Despite the importance of foliar fungal pathogens in regulating tree diversity and community composition in temperate forests, our knowledge on their ecology and community assembly remains limited. Specifically, it remains unclear which factors shape foliar fungal pathobiome community composition, which processes (stochastic vs. deterministic) determine their community assembly, and how their community structure is organized. In this study, we used a high–resolution molecular approach (Next Generation Sequencing) to obtain a better understanding of the fungal pathobiome of healthy-looking senescing leaves and needles among 12 temperate tree species growing in a managed mixed forest at the Central Germany. We aimed to determine (i) which ecological processes determine the pathobiome community assembly, (ii) how foliar fungal pathobiome communities are structured, (iii) which factors determine community composition of the foliar fungal pathogens, and (iv) which tree species that act as fungal plant pathogen hub in this forest ecosystem.

Materials and methods

Study site and sampling

The study site is located in a managed mixed forest of Thuringia, Germany (51°12’N 10°18’E) and is characterized by mean annual precipitation from 600 to 800 mm, mean annual temperature from 6 to 7.5°C, and elevations from 100 to 494 m above sea level. The main soil type is Cambisol on limestone as bed-rock. The soil pH is weakly acidic (5.1 ± 1.1; mean ± SD). In October 2019, a minimum of 200-g healthy-looking senescing leaves and needles of 12 mature tree species (5 true replicates/tree individual per tree species, in total 60 samples) were collected in a separate sterile plastic bag with new clean gloves. In this current study, we characterized the healthy-looking senescing leaf as green leaves without visible leaf disease symptoms from branches at the lower part of the crown of the mature tree (3 years old). These 12 tree species include 8 deciduous broadleaf (including Acer pseudoplatanus, Carpinus betulus, Fagus sylvatica, Fraxinus excelsior, Populus hybrid, Prunus avium, Quercus robur, and Tilia cordata), 3 evergreen (including Picea abies, Pinus sylvestris, and Pseudotsuga menziesii), and 1 deciduous (Larix decidua) coniferous tree species.
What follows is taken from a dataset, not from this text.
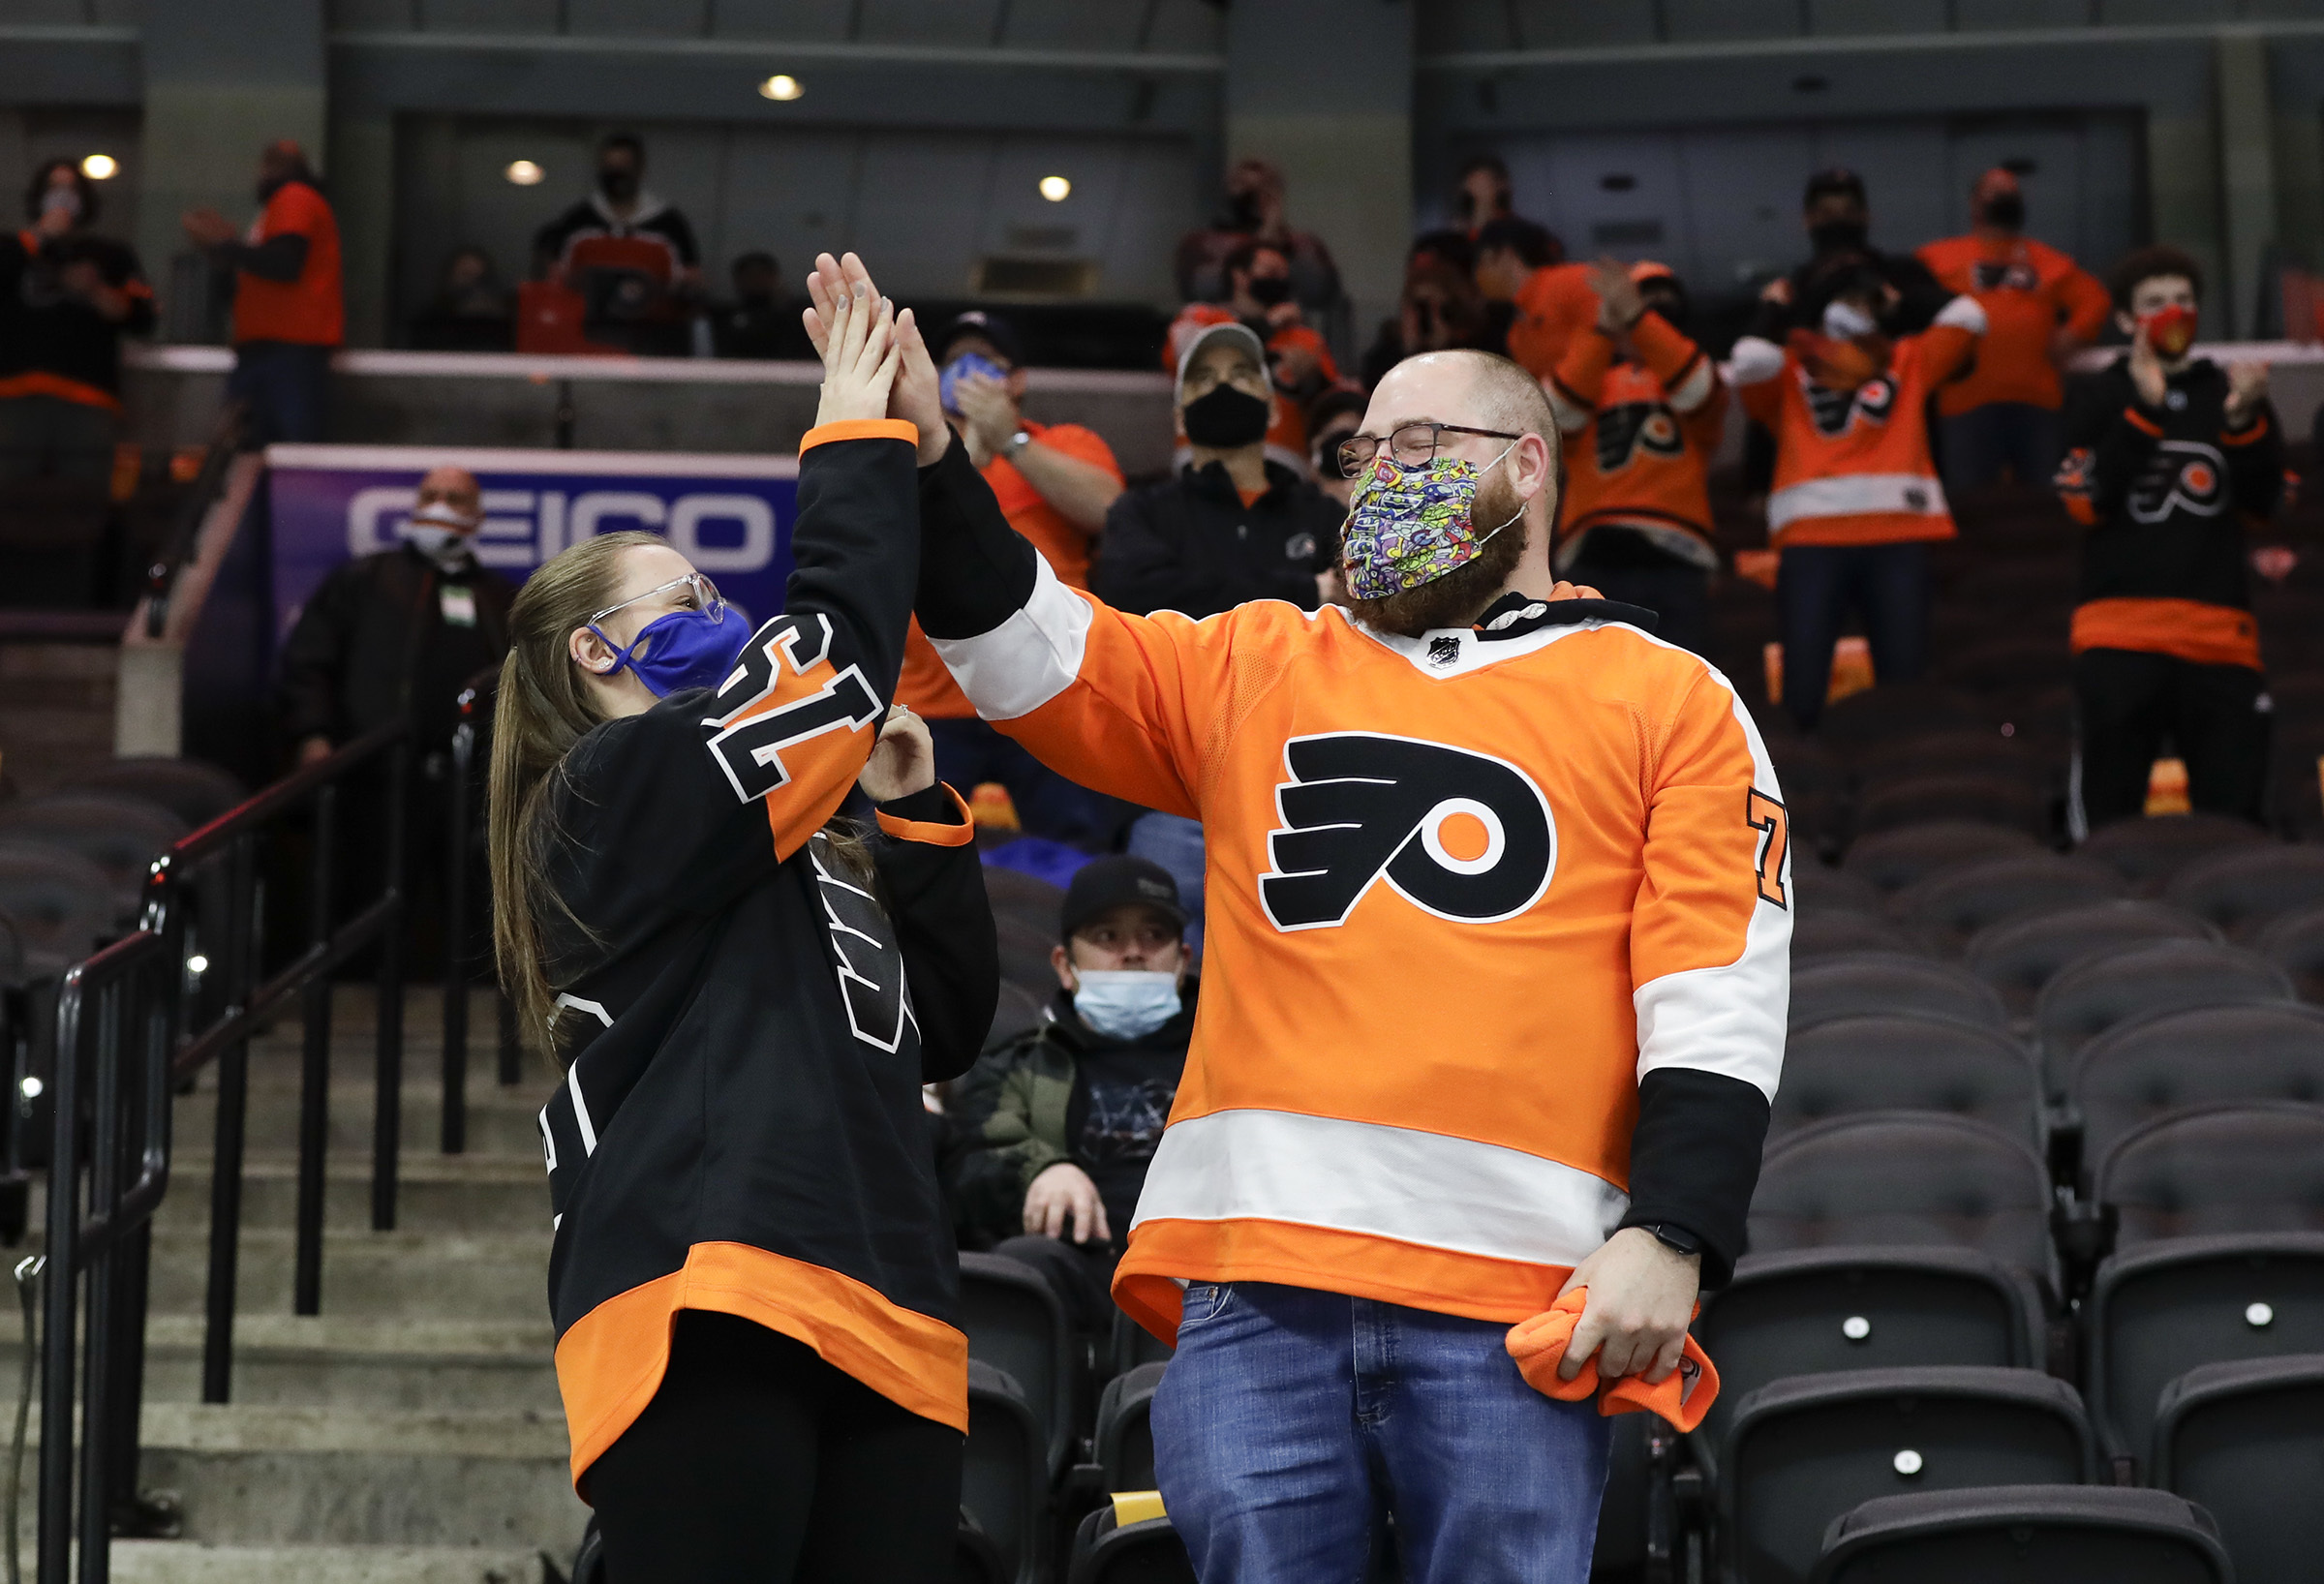 Wells Fargo Center puts fans back in the game - WHYY

Leaf samples were transported on ice to the laboratory within 3 h and stored at −80°C for further analysis.

DNA extraction and illumina sequencing

To prepare for deoxyribonucleic acid (DNA) extraction, up to 10 healthy-looking leaves and needles from 5 branches per individual tree were subsampled. Leaf and needle samples were washed three times with 0.1% sterile Tween to remove loosely attached dust particles. The samples were then washed three to five times using deionized water and incubated for 1 h in sterile water to remove the Tween bubbles. By washing leaves with Tween solution, the endophytic and strongly attached epiphytic microorganisms were subjected to the DNA extraction. Leaf and needle samples were ground using liquid nitrogen and sterile nails, homogenized, and stored at −20°C for further analysis. The DNA extraction of senescing leaves and needles and associated microbes was performed using DNeasy PowerSoil Kit (Qiagen, Hilden, Germany) and a Precellys 24 tissue homogenizer (Bertin Instruments, Montigny-le-Bretonneux, France) according to the manufacturer’s instructions. The presence and quantity of genomic DNA was checked using NanoDrop ND-1000 spectrophotometer (Thermo Fisher Scientific, Dreieich, Germany), and the extracts were stored at −20°C.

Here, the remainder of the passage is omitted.